A defining feature of Wav2Vec2 and HuBERT like models is that they accept a float array corresponding to the raw waveform of the speech signal as an input. This is in contrast to other models, like Whisper, where we pre-process the raw audio waveform to spectrogram format.

the audio data is in the right format, but we’ve imposed no restrictions on the values it can take. For our model to work optimally, we want to keep all the inputs within the same dynamic range. This is going to make sure we get a similar range of activations and gradients for our samples, helping with stability and convergence during training. To do this, we normalise our audio data, by rescaling each sample to zero mean and unit variance, a process called feature scaling. It’s exactly this feature normalisation that our feature extractor performs!

We can take a look at the feature extractor in operation by applying it to our first audio sample. First, let’s compute the mean and variance of our raw audio data:

In [9]:
import numpy as np

sample = gtzan["train"][0]["audio"]

print(f"Mean: {np.mean(sample['array']):.3}, Variance: {np.var(sample['array']):.3}")

Mean: 0.000185, Variance: 0.0493


We can see that the mean is close to zero already, but the variance is closer to 0.05. If the variance for the sample was larger, it could cause our model problems, since the dynamic range of the audio data would be very small and thus difficult to separate. Let’s apply the feature extractor and see what the outputs look like:

In [10]:
inputs = feature_extractor(sample["array"], sampling_rate=sample["sampling_rate"])

print(f"inputs keys: {list(inputs.keys())}")

print(
    f"Mean: {np.mean(inputs['input_values']):.3}, Variance: {np.var(inputs['input_values']):.3}"
)

inputs keys: ['input_values', 'attention_mask']
Mean: -7.03e-09, Variance: 1.0


Our feature extractor returns a dictionary of two arrays: input_values and attention_mask. The input_values are the preprocessed audio inputs that we’d pass to the HuBERT model. The attention_mask is used when we process a batch of audio inputs at once - it is used to tell the model where we have padded inputs of different lengths.

We can see that the mean value is now very much closer to zero, and the variance bang-on one! This is exactly the form we want our audio samples in prior to feeding them to the HuBERT model.

The last thing to do is define a function that we can apply to all the examples in the dataset. Since we expect the audio clips to be 30 seconds in length, we’ll also truncate any longer clips by using the max_length and truncation arguments of the feature extractor as follows:

In [11]:
max_duration = 30.0


def preprocess_function(examples):
    audio_arrays = [x["array"] for x in examples["audio"]]
    inputs = feature_extractor(
        audio_arrays,
        sampling_rate=feature_extractor.sampling_rate,
        max_length=int(feature_extractor.sampling_rate * max_duration),
        truncation=True,
        return_attention_mask=True,
    )
    return inputs

The .map() method supports working with batches of examples, which we’ll enable by setting batched=True. The default batch size is 1000

In [12]:
gtzan_encoded = gtzan.map(
    preprocess_function,
    remove_columns=["audio", "file"],
    batched=True,
    batch_size=100,
    num_proc=1,
)
gtzan_encoded

Map:   0%|          | 0/899 [00:00<?, ? examples/s]

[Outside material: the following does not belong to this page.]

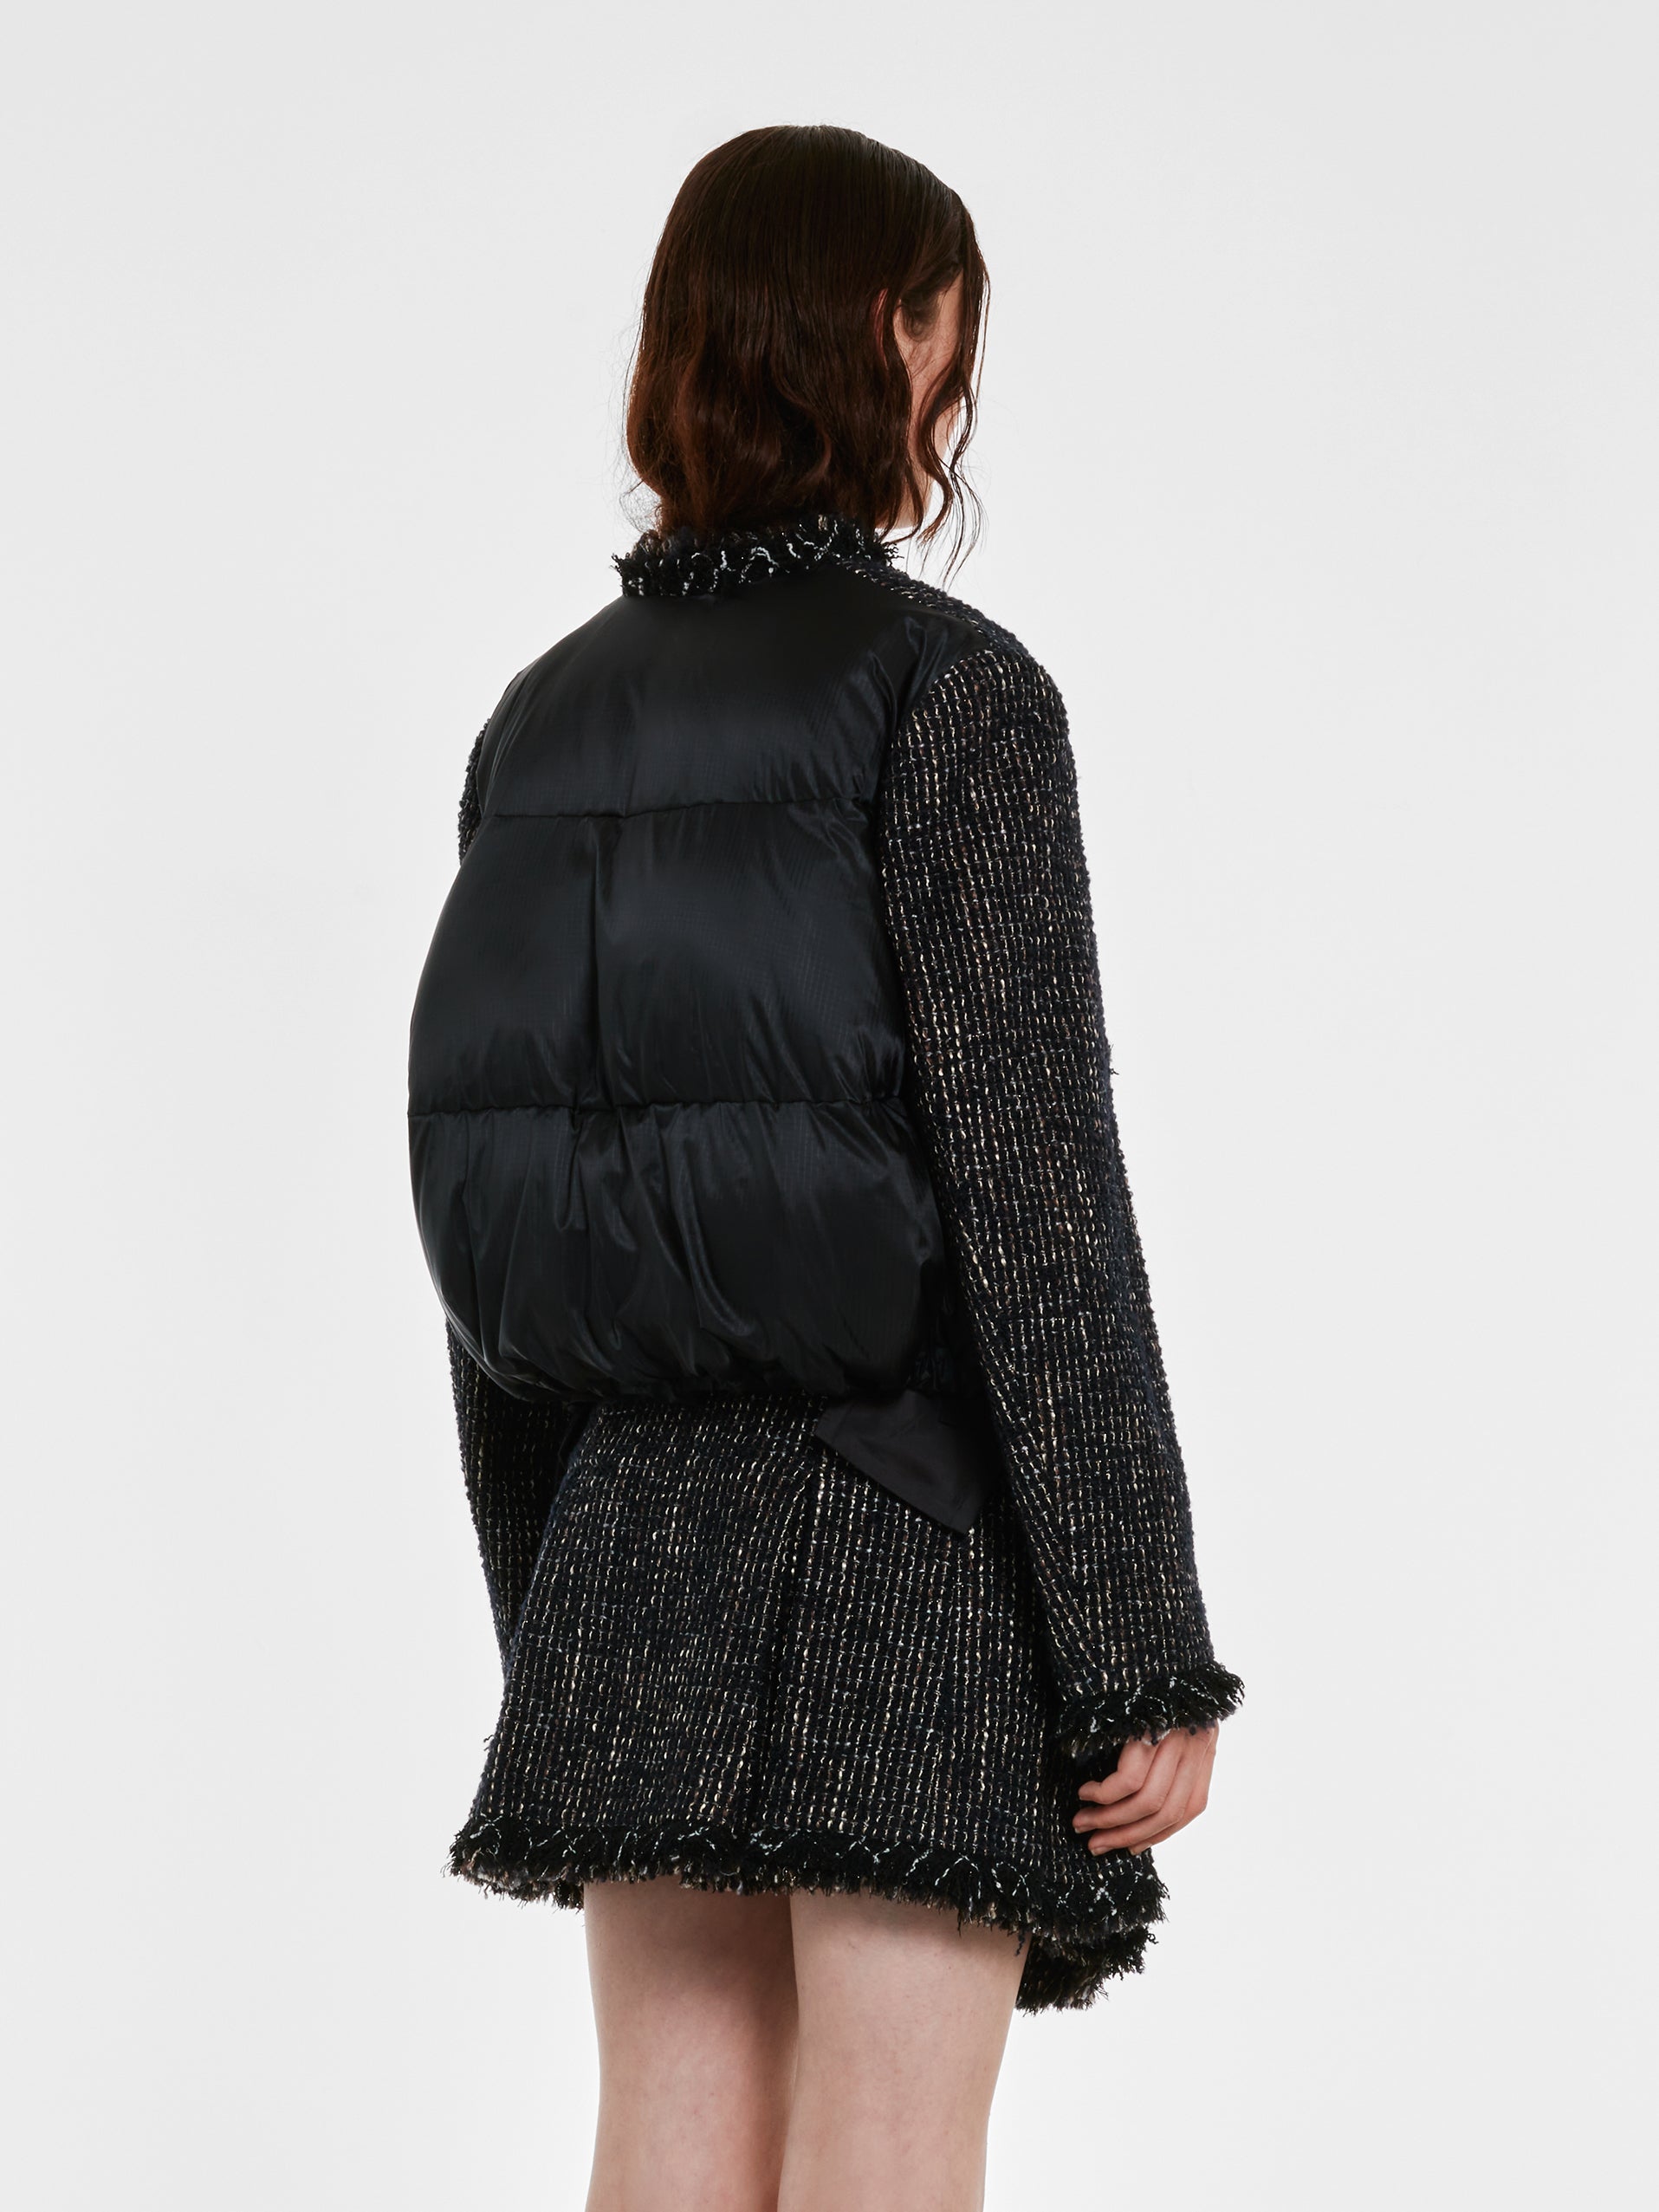 sacai - Women’s Tweed Jacket - (Black) view 3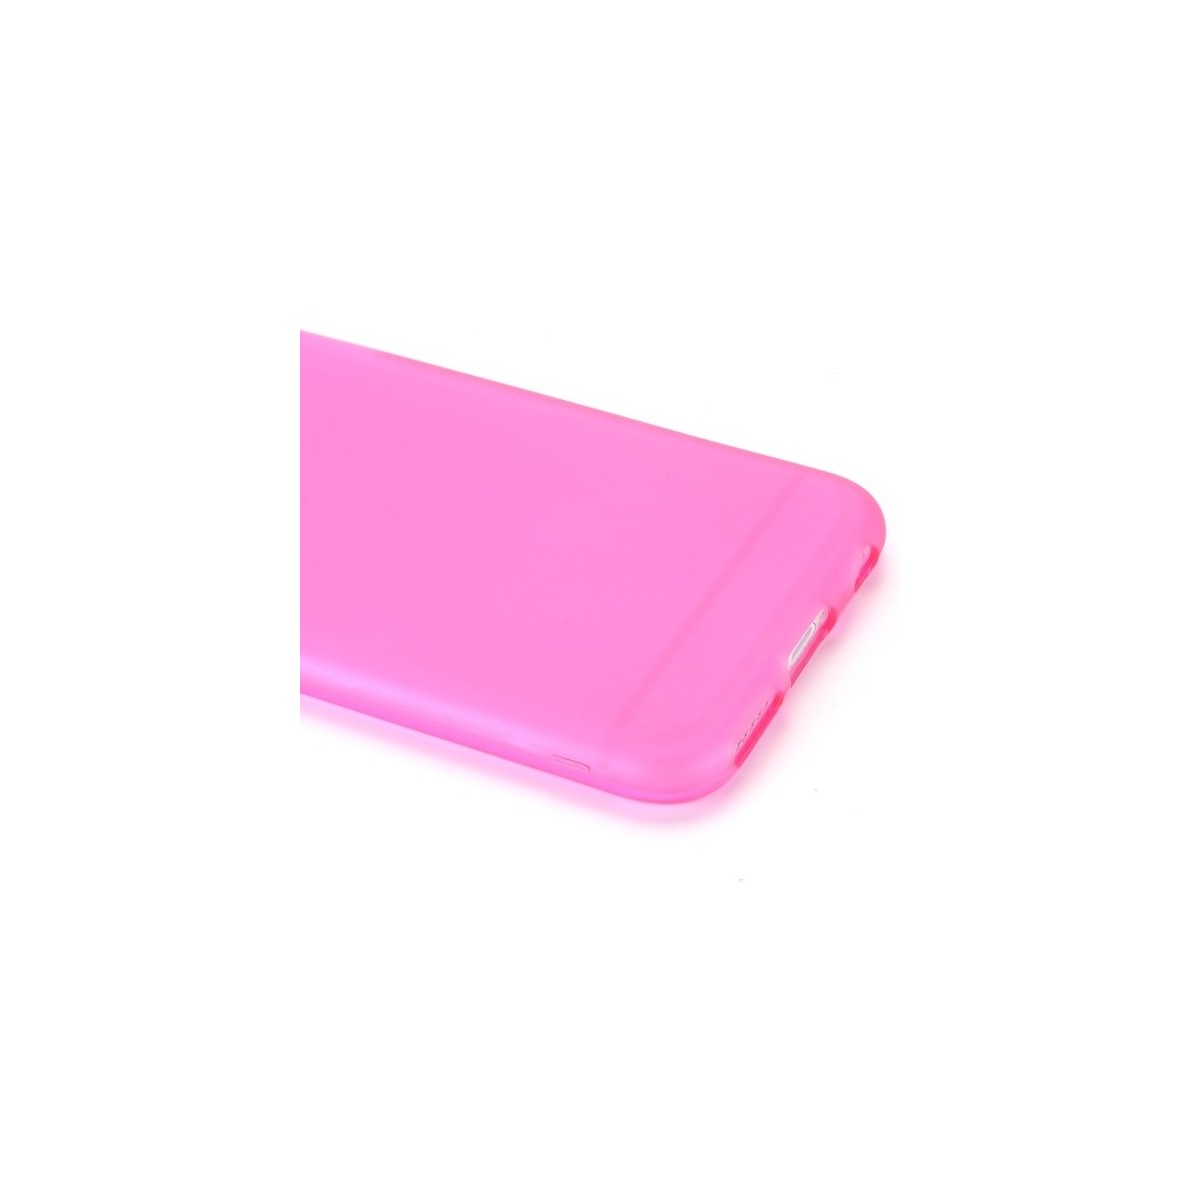 Coque iPhone 6 / 6S Rose transparente souple - Crazy Kase

Map:   0%|          | 0/100 [00:00<?, ? examples/s]

DatasetDict({
    train: Dataset({
        features: ['genre', 'input_values', 'attention_mask'],
        num_rows: 899
    })
    test: Dataset({
        features: ['genre', 'input_values', 'attention_mask'],
        num_rows: 100
    })
})

To simplify the training, we’ve removed the audio and file columns from the dataset. The input_values column contains the encoded audio files, the attention_mask a binary mask of 0/1 values that indicate where we have padded the audio input, and the genre column contains the corresponding labels (or targets). To enable the Trainer to process the class labels, we need to rename the genre column to label:

In [13]:
gtzan_encoded = gtzan_encoded.rename_column("genre", "label")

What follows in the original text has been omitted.